There is a naive interface that uses C strings and primitive types and a stateful interface. The stateful interface exposes the state of the record and symbol table.

Functor Declaration

A functor declaration contains the name of the functor, the argument types, and the return type of the functor. A functor declaration has the following format:

.functor <name>(<name1>:<type1>,...,<name-k>:<type-k>):<type>

where the types <name-1><type-1>,...,<name-k><type-k> define the argument types of the functor, and <type> defines the return type. For functors that are not stateful, the type arguments and result type can only be primitive types (and their subtypes):

  • Symbol type: symbol
  • Number type: number
  • Float type: float

For example,

.functor f(a:number):number

introduces the user-defined functor f that has a single number argument and returns a number as a result.

Invocation of User-Defined Functor

The user-defined functors have the prefix-notation, i.e.,


For example,

// introduce new functor f: number -> number
.functor f(x:number):number

.decl A(x:number) 
.output A
A(@f(i)) :- A(i), @f(i) < 100.

declares a user-defined functor with name f.
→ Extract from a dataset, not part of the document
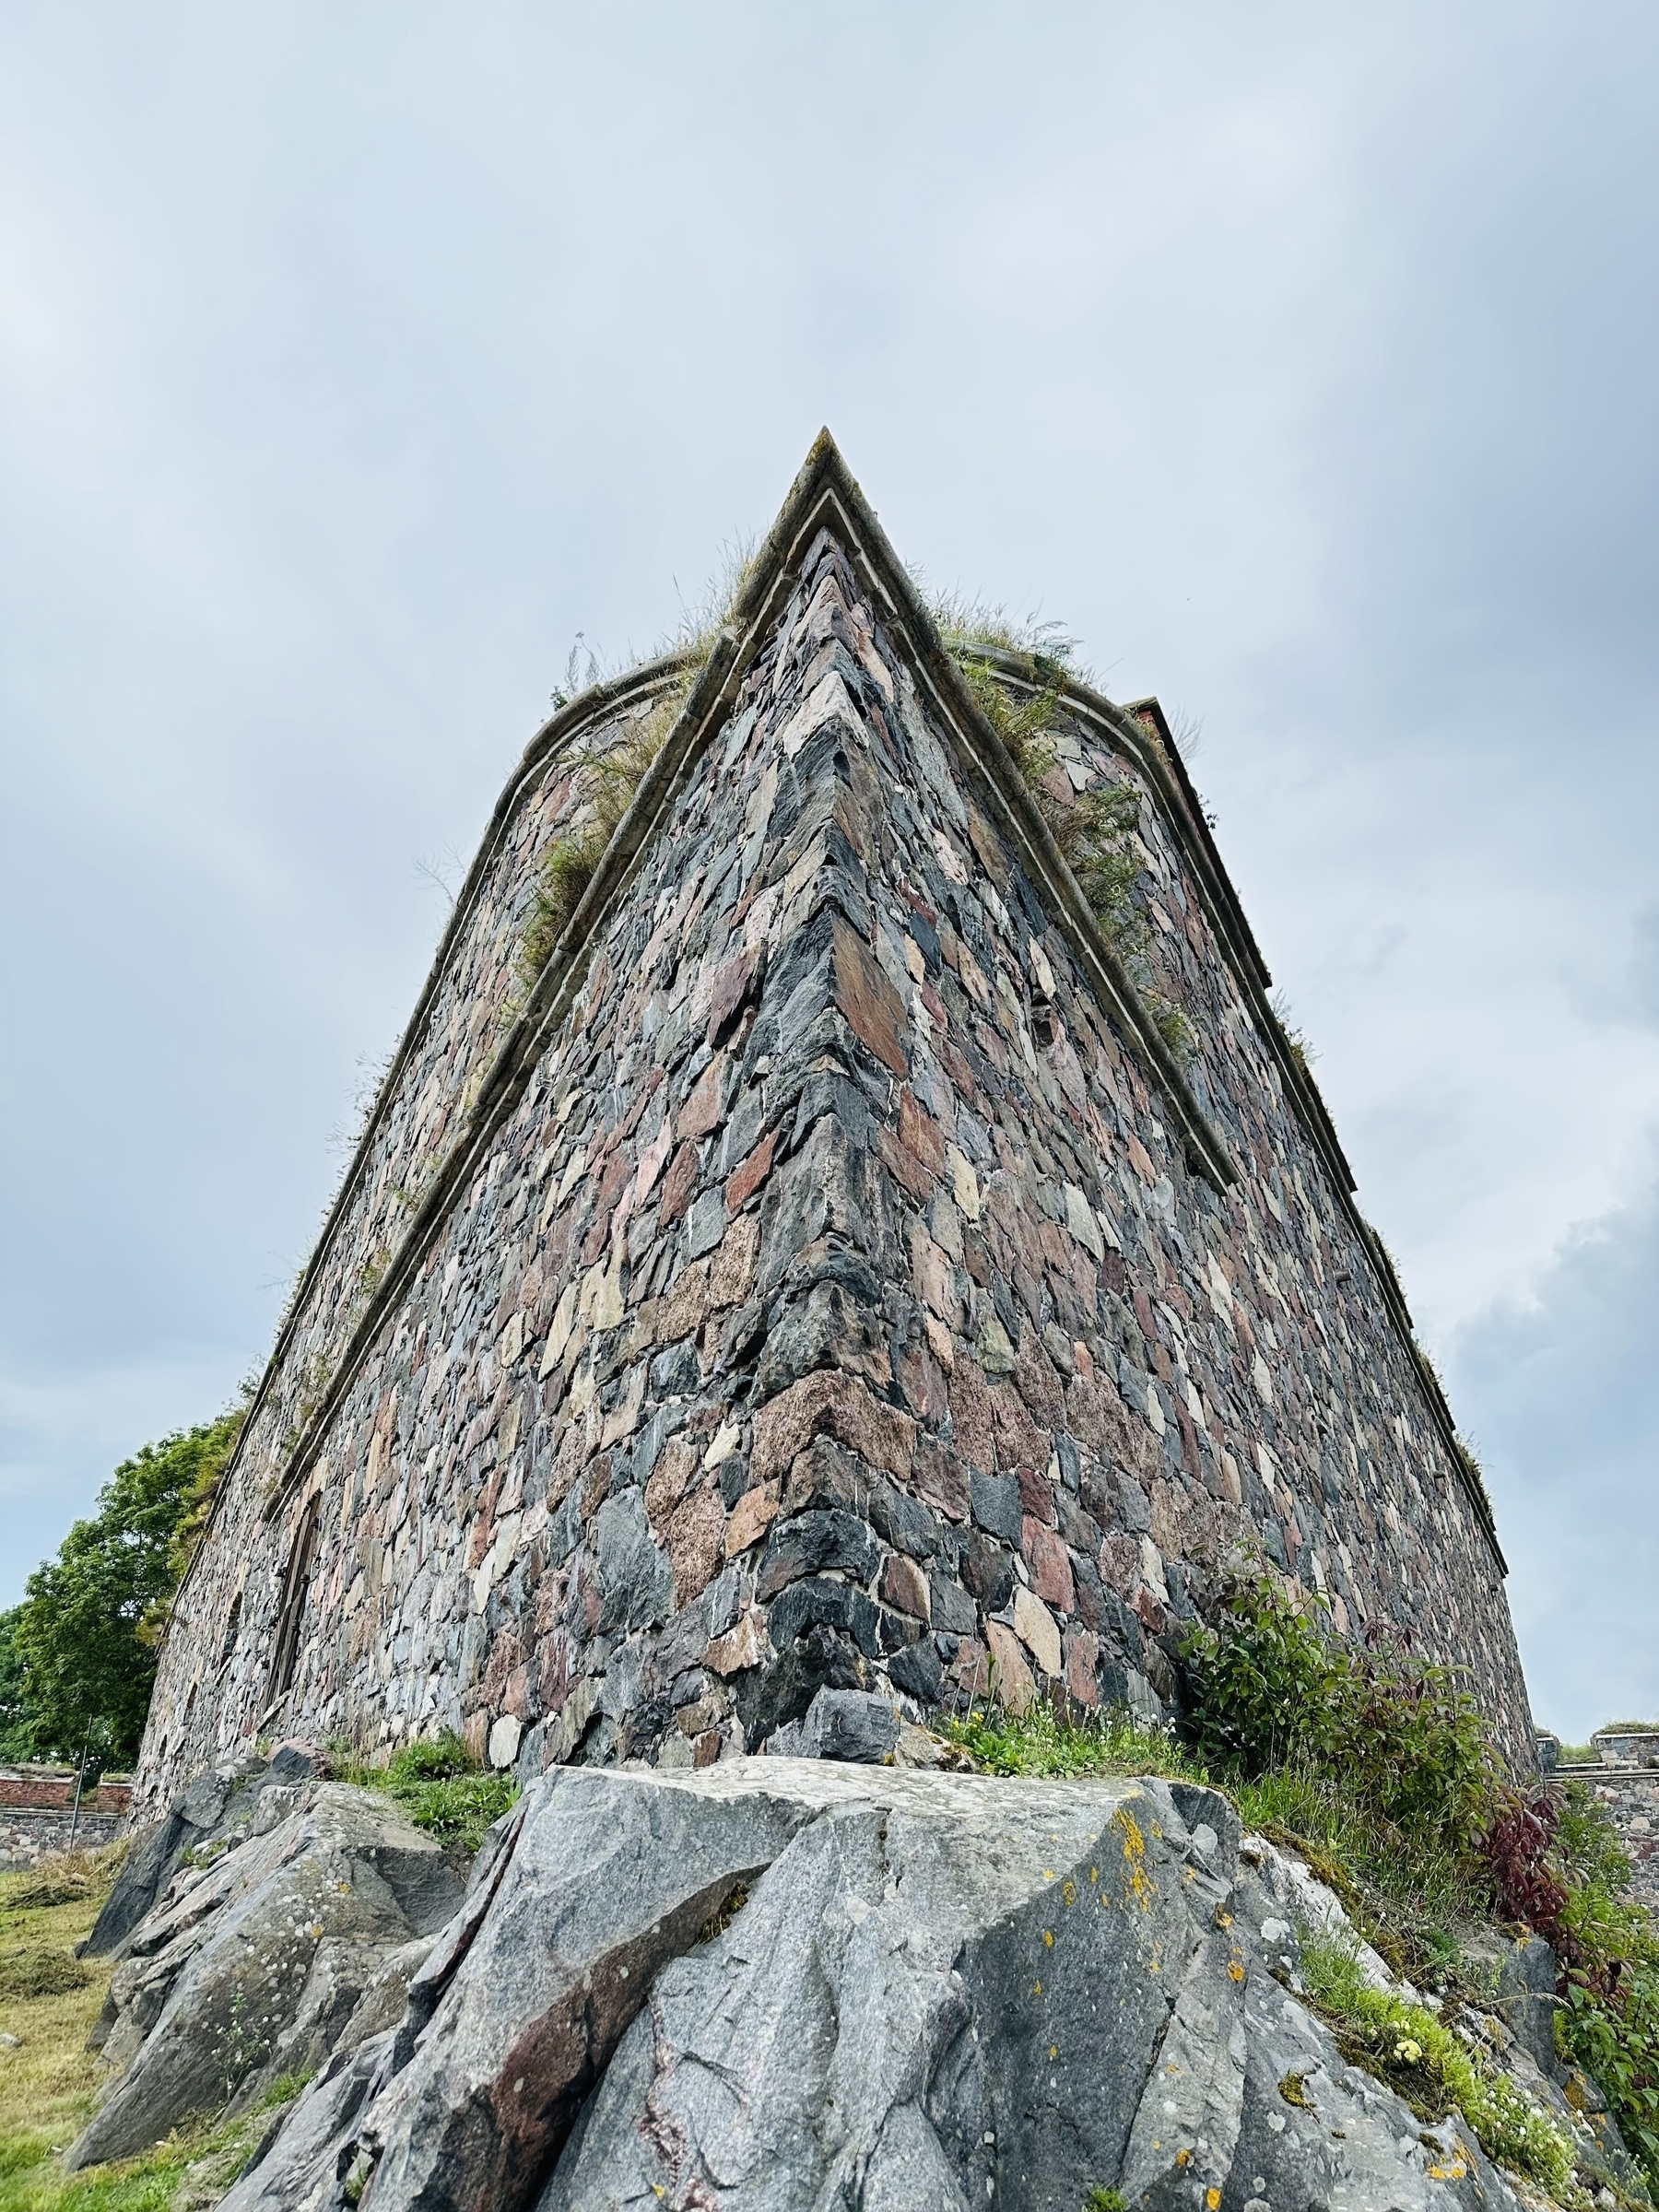 The sharp stone edge of a wall at Suomenlinna sea fortress.

The functor has a number as an argument and produces a number as a result.

Implementation of User-Defined Functors

User-defined functors can be implemented in C++ (other languages could be used if they support an external C/C++ interface). There are strong execution requirements when user-defined functors are implemented. If these requirements are violated, the execution of Soufflé programs cannot be guaranteed.

The properties of the functor implementation are the following:

  • The implementation of a functor must return the same return value for the same input arguments. The functor implementation may have state but must follow strict pure functional semantics. For example, a functor cannot produce random numbers, however, f(x) = x + 1 would be a valid functor.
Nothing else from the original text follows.